Air Transportation: USAF and U.S. Army Fly Away Together


June 18, 2007: After several years of negotiation, and a reality check brought on by the needs of war, the U.S. Army and Air Force have agreed on using the Italian C-27J tow engine transport, to replace the elderly C-23s, and thus provide more small transports for delivering cargos in places even C-130s can't reach. The C-27J (a joint U.S./Italian upgrade of the Italian G-222) is as 28 ton aircraft can carry nine tons for up to 2,500 kilometers and land on smaller airfields than the C-130 can handle. The U.S. Air Force bought ten C-27Js in the 1990s, but took them out of service because it was cheaper to deliver stuff via the larger C-130. However, the C-27J is a favorite with many other air forces, and draws on technology from the C-130J program (using the same engines, propellers and electronic items). The C-27Js will cost about $30 million each, and much of the work will be done in the United States, although the aircraft will be assembled in Italy.

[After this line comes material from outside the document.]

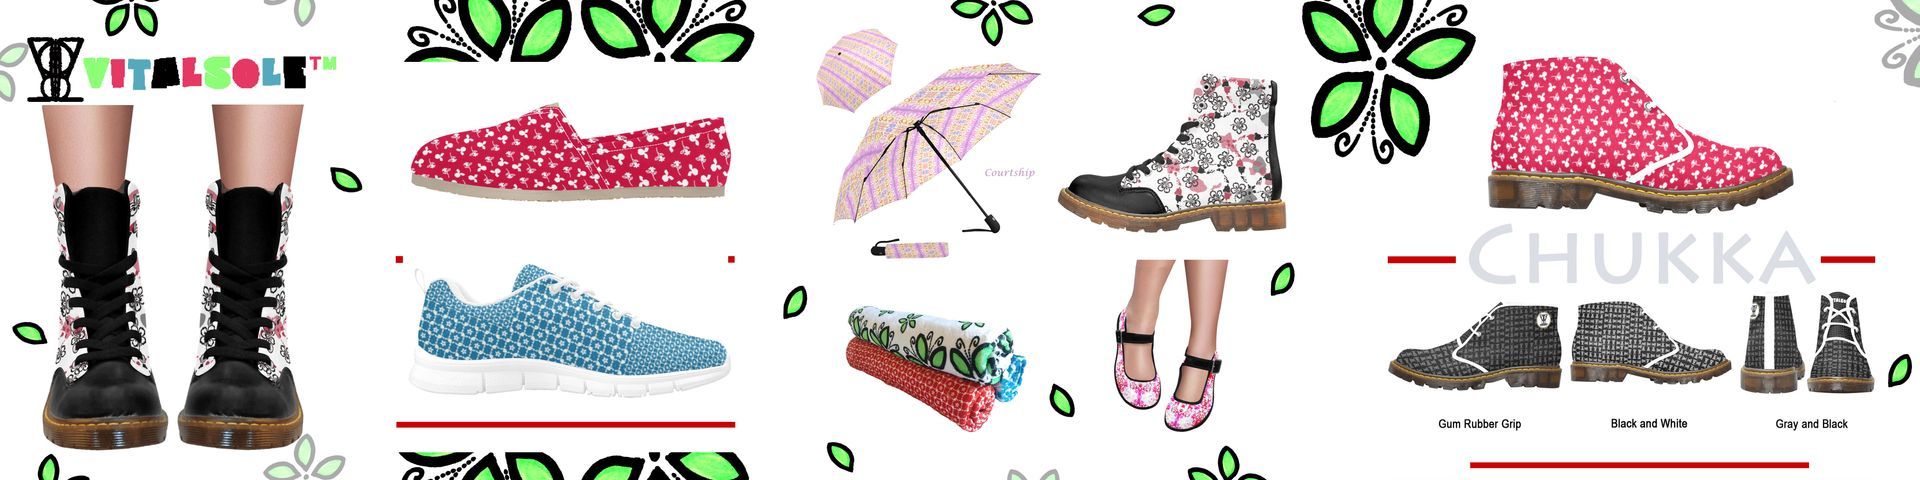 vitalsole banner with vitalsole logo and text in upper left corner below legs in combat boots next to that men's black hibiscus with orange and green camo print canvas classic lace-up shoes center of banner confetti glass plate with combat boots and stone coasters with drink with lime wedge and far right on banner pink chukka boot with grey text  and below black and white vitalsole logo chukka boots whole bannner surrounded by illustrated black outline petals and flowers with green petals

Two years ago, the U.S. Army and Air Force agreed to replace the C-23 two engine transports the U.S. Army National Guard operates, with 145 new aircraft of approximately the same capability. The air force would get about half these aircraft, and the army the rest. But both services would establish joint maintenance and support facilities, in order to keep the costs down. The current plan calls for as many as 207 C-27Js over the next ten years.

According to half a century of agreements and Pentagon turf battles, the army should not be able to operate two engine transports. But because of a special deal, forced on the military by Congress, the Army National Guard is allowed to operate 44 two engine C-23s (a freight version of the British Shorts 330 passenger airliner). The 12 ton C-23 can carry up to 3.5 tons of cargo, or up to 30 troops. But the C-23s are twenty years old, and efforts to get a replacement, especially a larger and more numerous replacement, initially ran into air force opposition. After all, the air force has 500, 75 ton, C-130s. But in Iraq, the army C-23s have proved invaluable in getting priority army cargos where they are needed, often to places the C-130 could not reach. With a war going on, the army has lots of recent evidence of how difficult it is for army commanders to get a C-130 for some urgent mission. The army originally asked for 128 C-23 replacements, but the air force protested, and the current deal was worked out.

There were several aircraft competing for this contract, including the CN-235, C-295 and C-27J, along with the current the navy C-2. What all these aircraft had in common was greater capacity (about half the C-130s 20 ton load), and the ability to fly higher than the C-23s 20,000 foot maximum altitude (which prevents it from being used in Afghanistan). Now the air force will not only operate these two engine transports, but will tolerate the army owning about sixty of them as well. All because there's a war going on, and wars are great for quickly settling peacetime squabbles that seem to never end.